EXERCISE AIM: Reproduce each line of the material exactly, minus any picture.
GIVEN INFORMATION Block Start
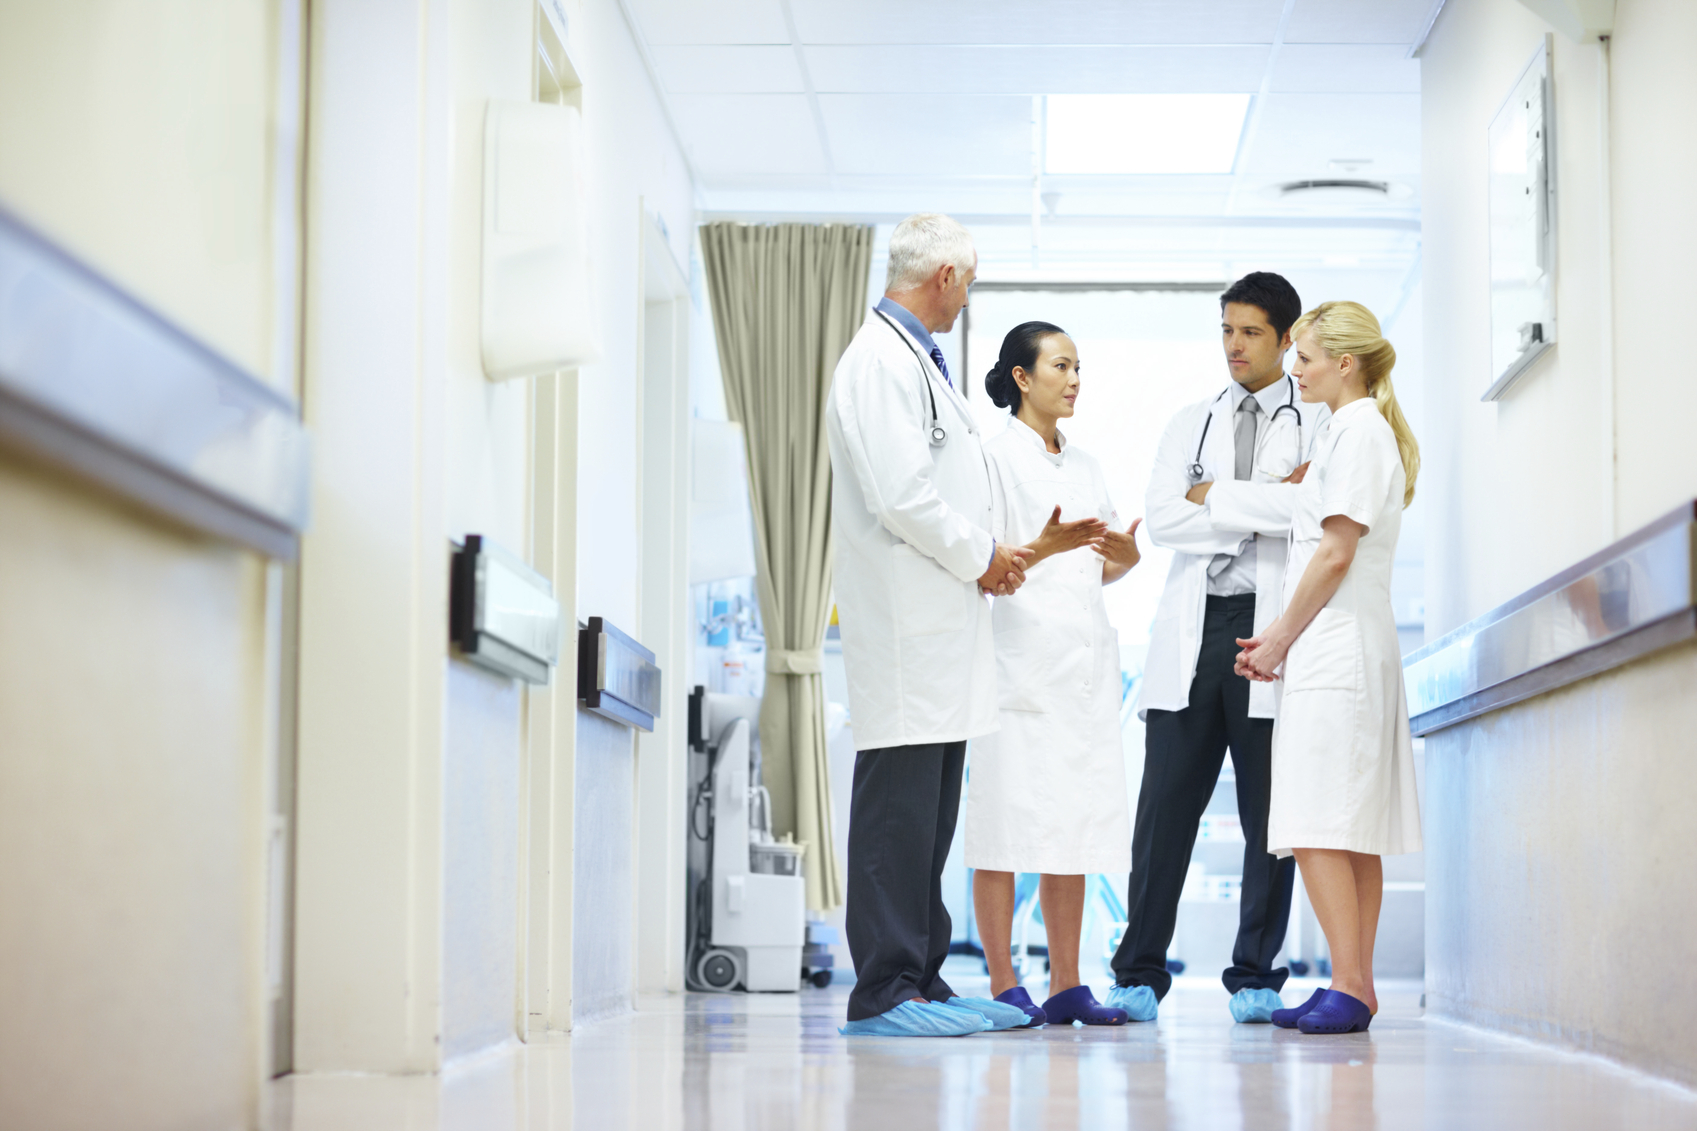 A group of doctors and nurses having a discussion in a hospital corridor
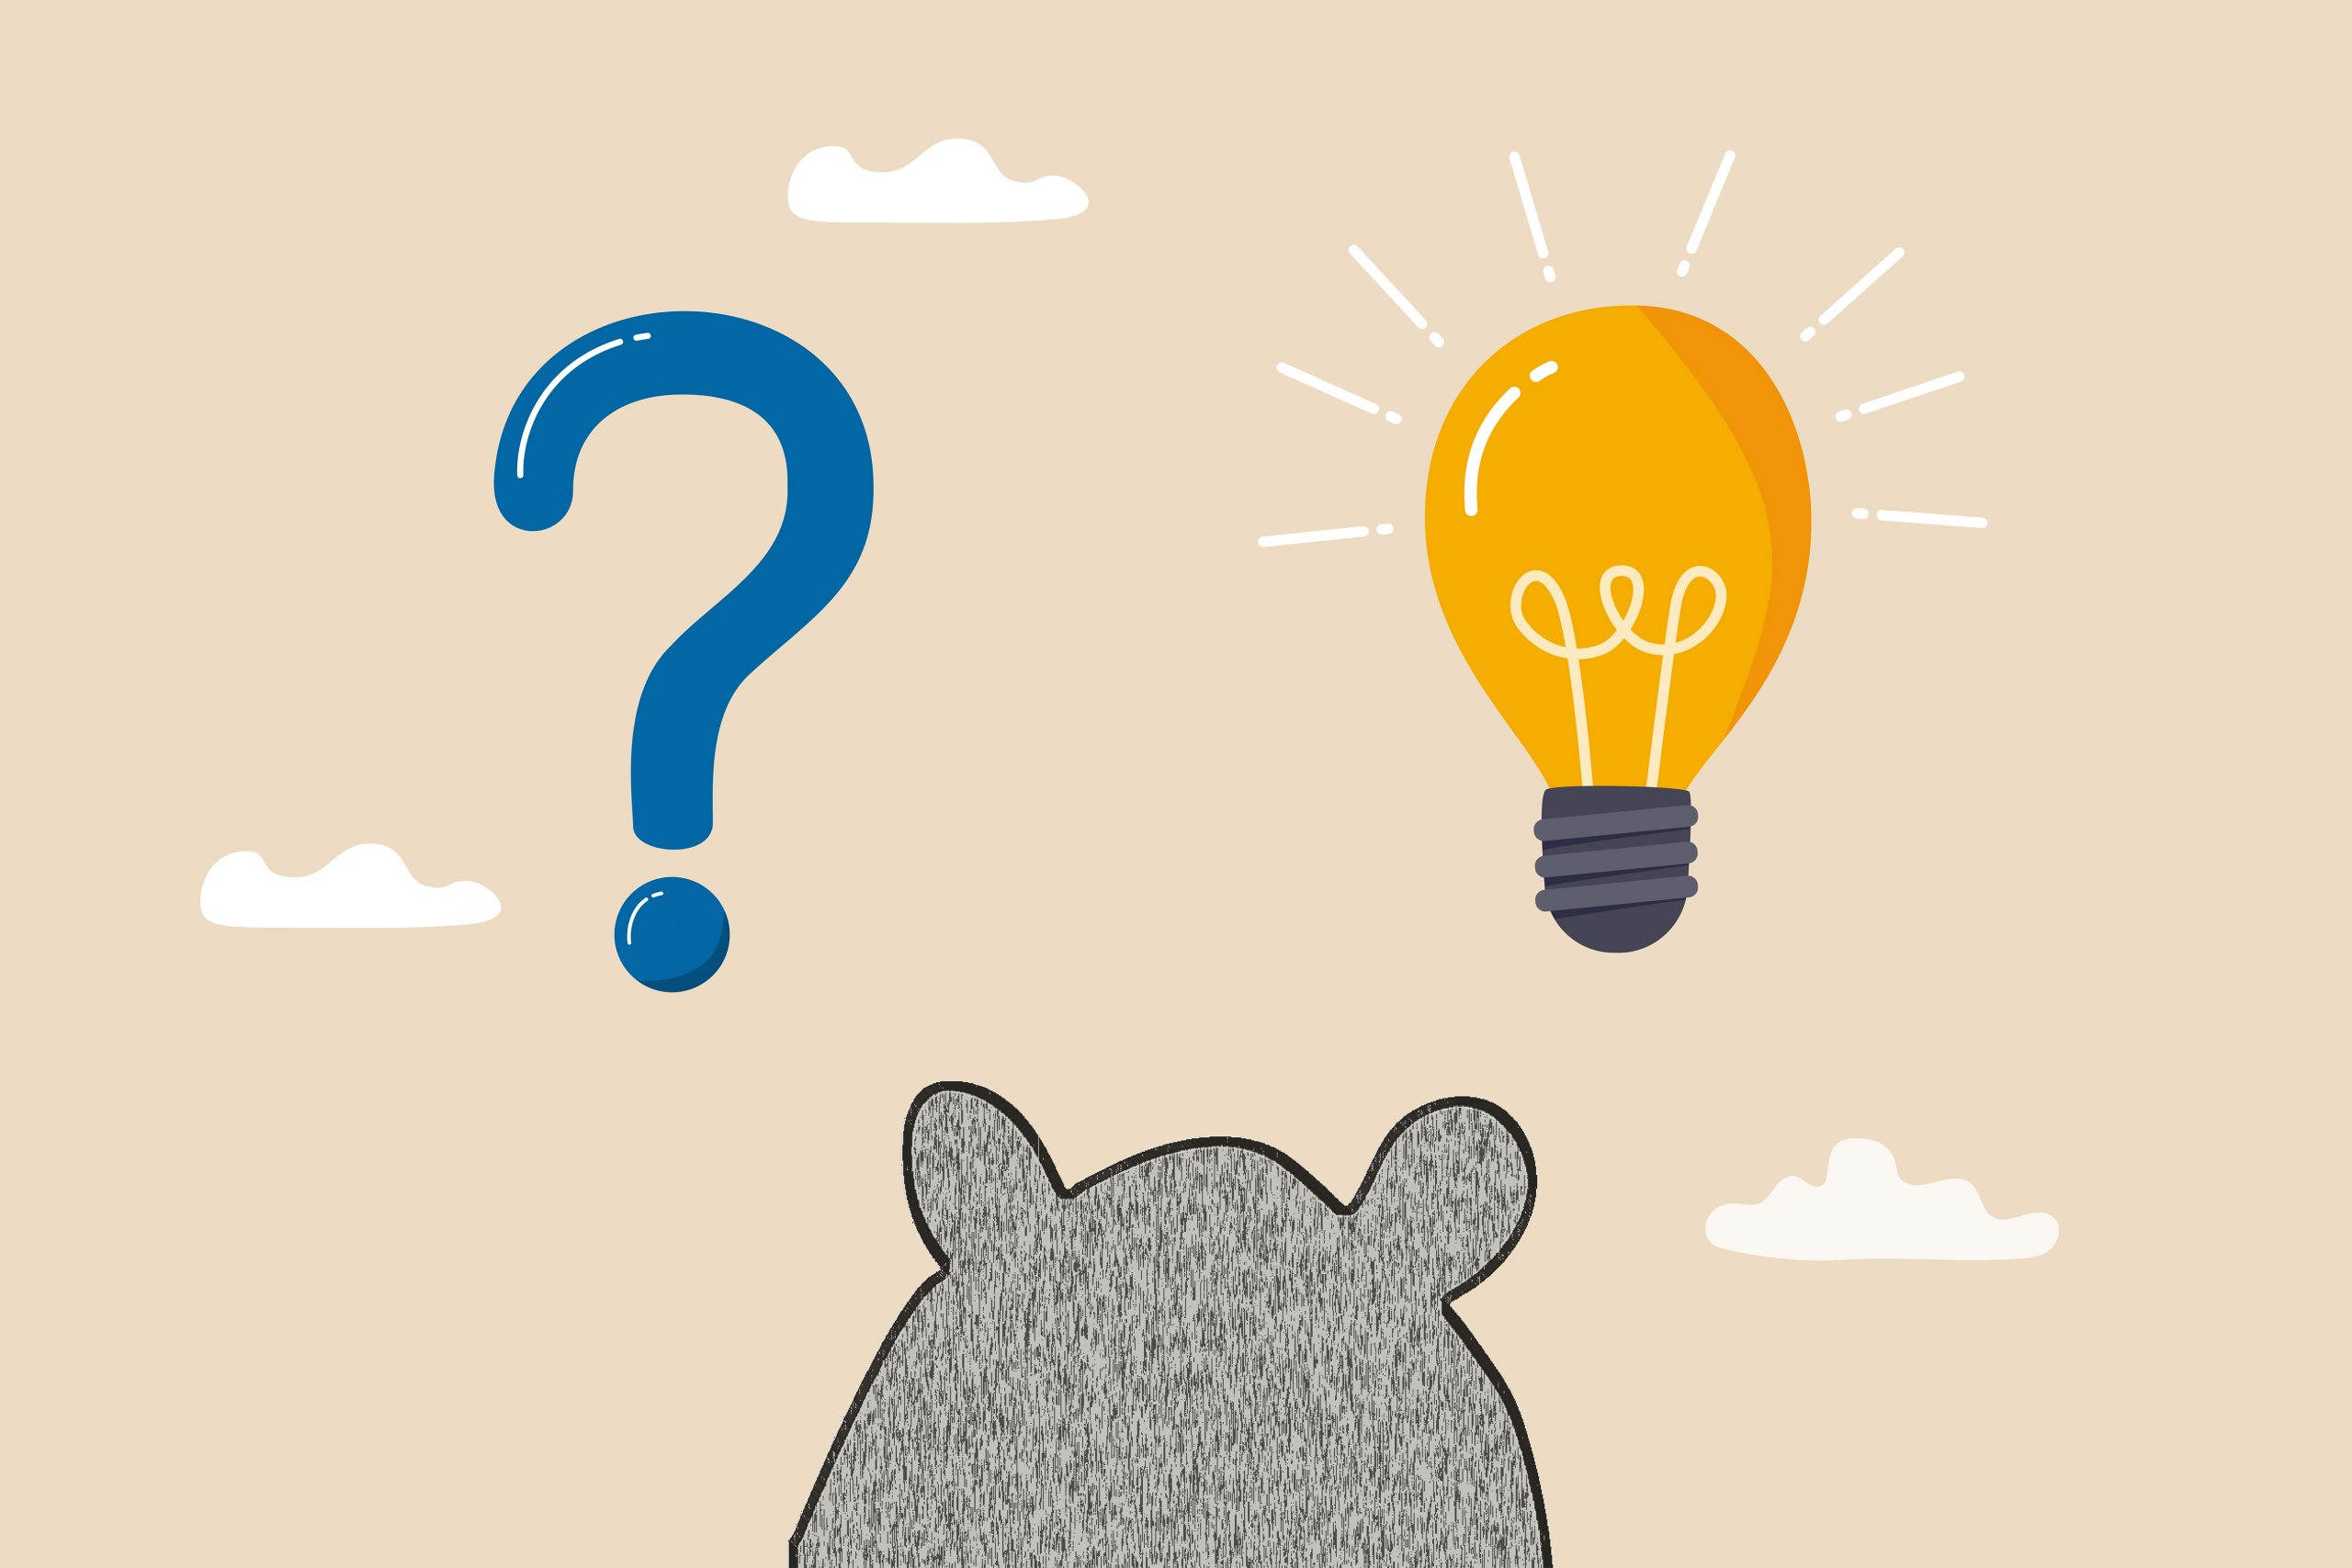 Illustration of mouse looking at a question mark and light bulb.
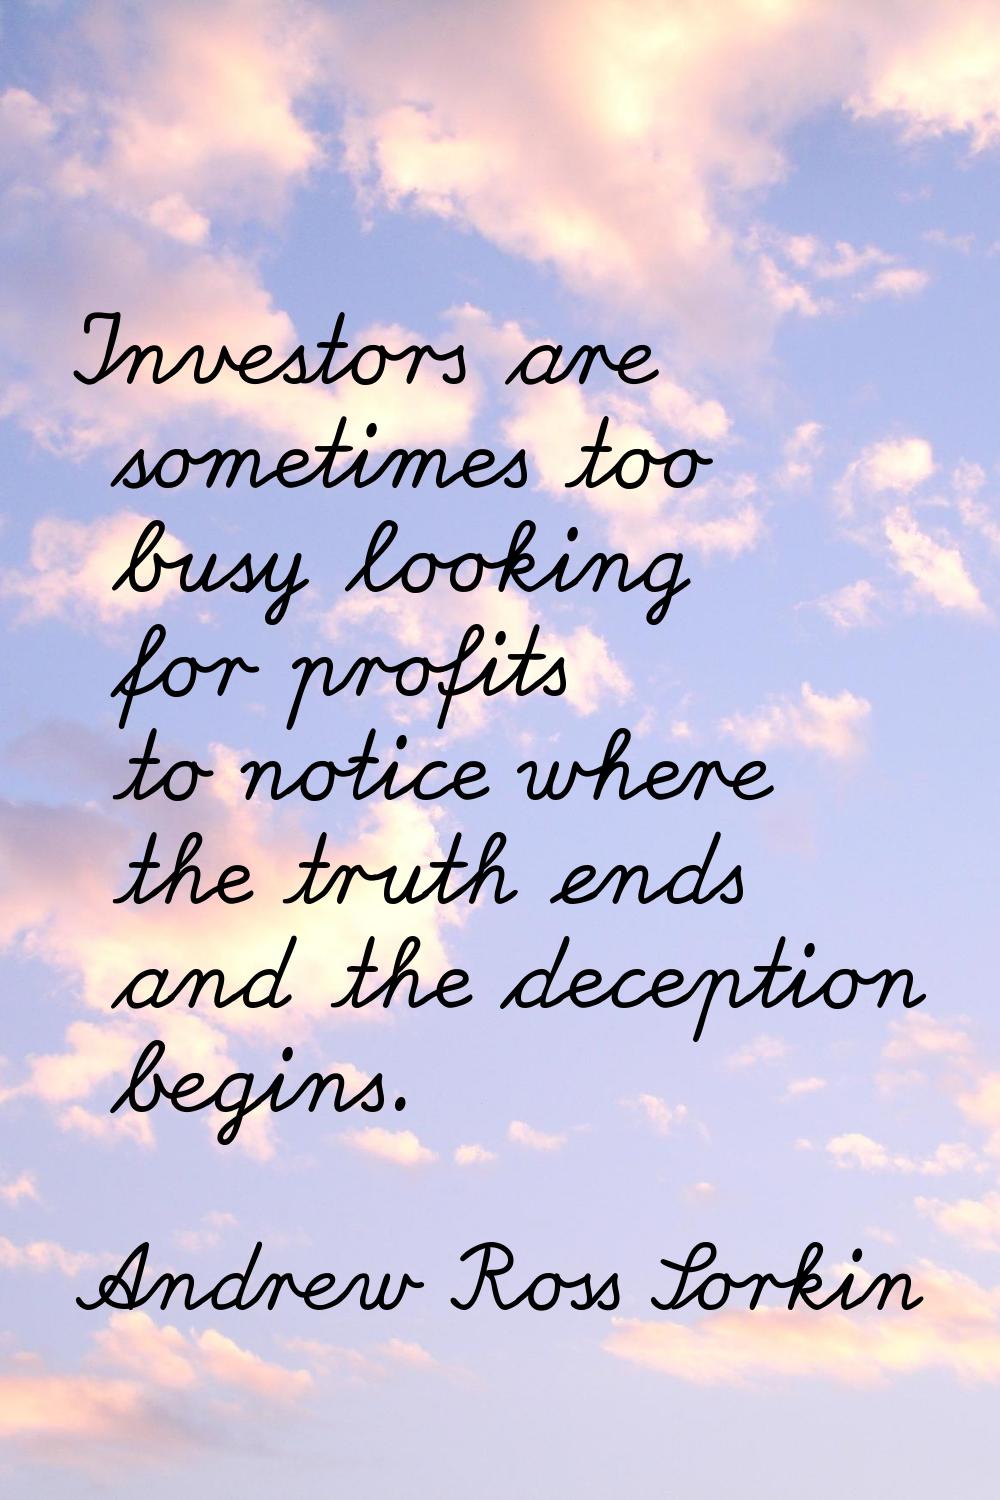 Investors are sometimes too busy looking for profits to notice where the truth ends and the decepti
GIVEN INFORMATION Block End
SOLUTION TO THIS EXERCISE:
 A group of doctors and nurses having a discussion in a hospital corridor
 Illustration of mouse looking at a question mark and light bulb.
 Investors are sometimes too busy looking for profits to notice where the truth ends and the decepti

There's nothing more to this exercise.